The interaction between the three sisters is often comical and sadly, highly relatable. What comes to the fore is how different their memories are of their shared childhood. For example: Catherine is convinced that Vi had their cat put down. Mary assures her the cat just died, while Teresa points out it was run over by a combine harvester.

The play posits the idea that our memories consist of our own particular version of past reality. What we remember, and how we remember it, has a lot to do with how we see ourselves. We adapt our memories to our own narrative of self.
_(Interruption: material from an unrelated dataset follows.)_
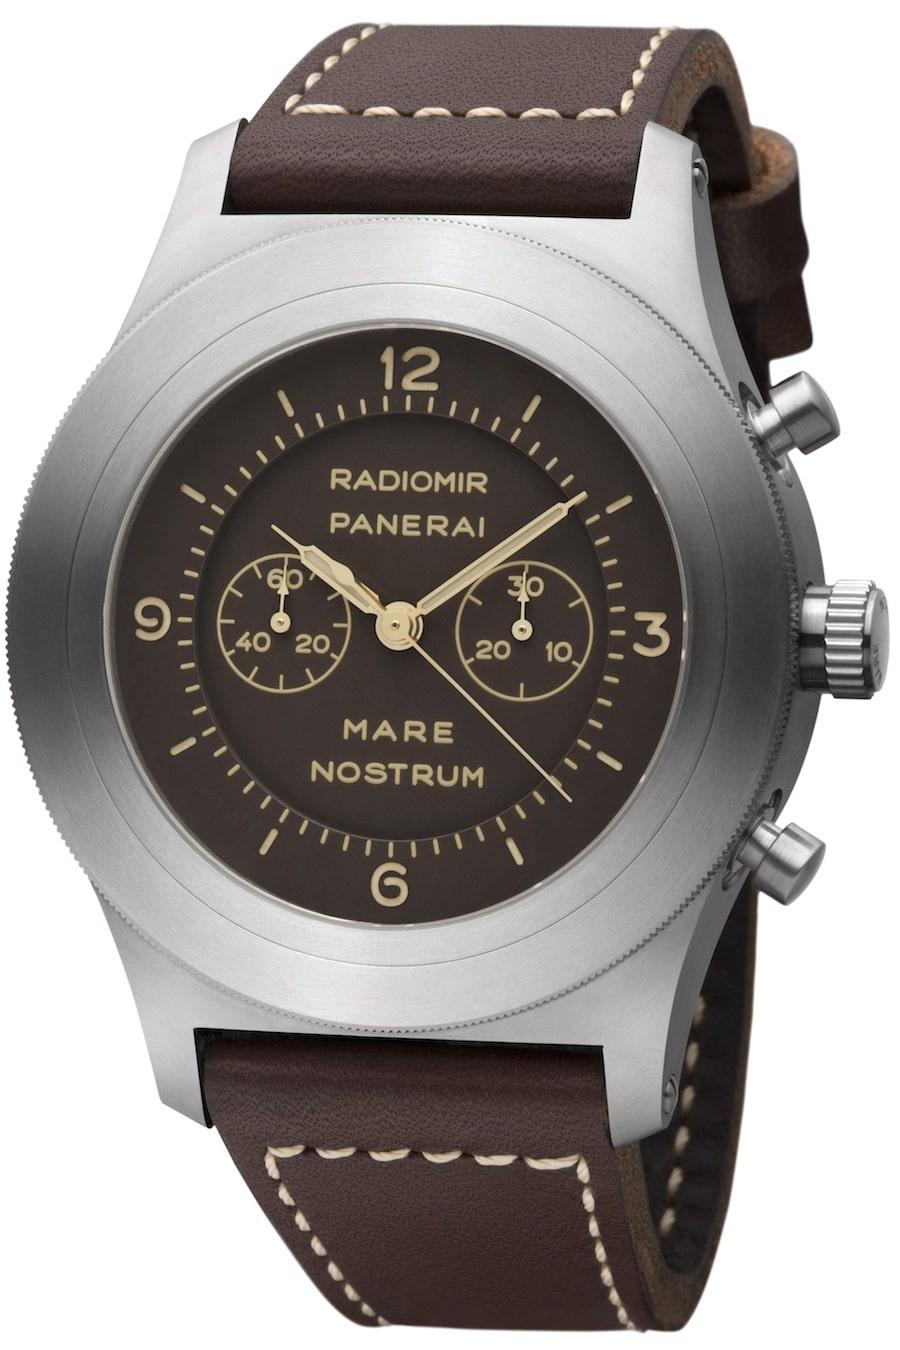 Der Chronograph mit einem neuen Manufaktur-Werk besitzt ein 52-Millimeter-Gehäuse aus Titan.
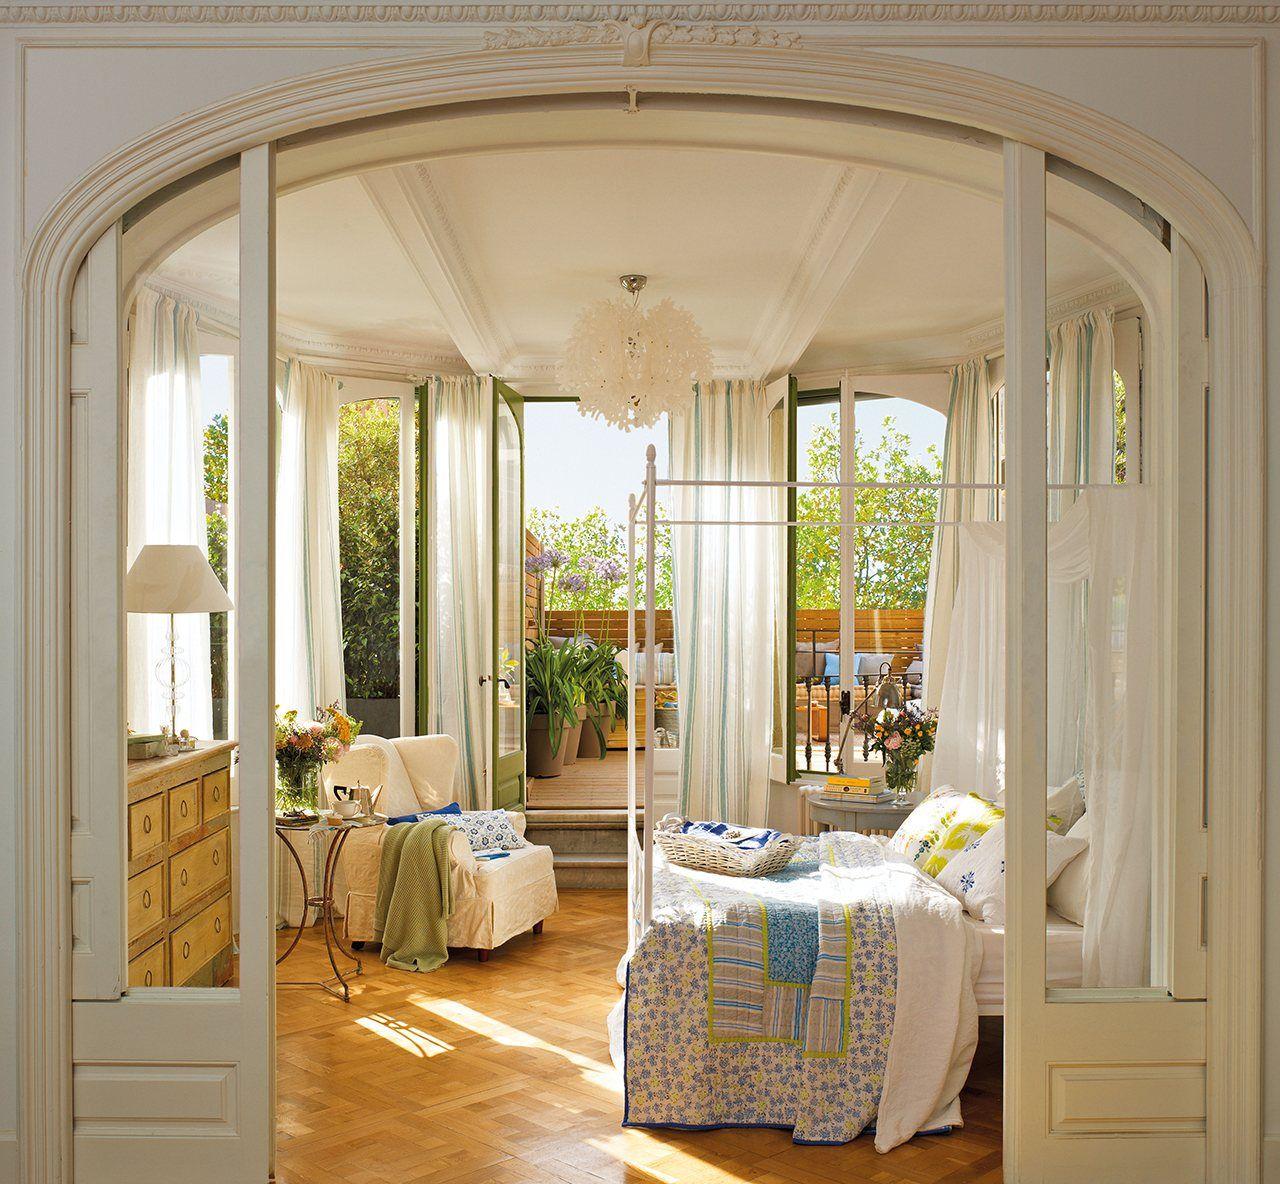 10 dormitorios de ensue o dormitorios - Dormitorios de ensueno ...

Catherine, convinced she was an after-thought and that her mum didn’t like her, remembers an unhappy childhood, and is accused of appropriating an unfortunate event that happened to Mary because that better fits her own narrative as the forgotten child of the family.

The one memory all three daughters seem to have in common is that Vi would not have won any ‘Mother of the Year’ awards, refusing to instruct them in the ways of the world, thus informing Mary that a box of sanitary towels was a home perm kit, and as Mary notes ‘She’d have sent us up K2 in slingbacks. With matching handbags.’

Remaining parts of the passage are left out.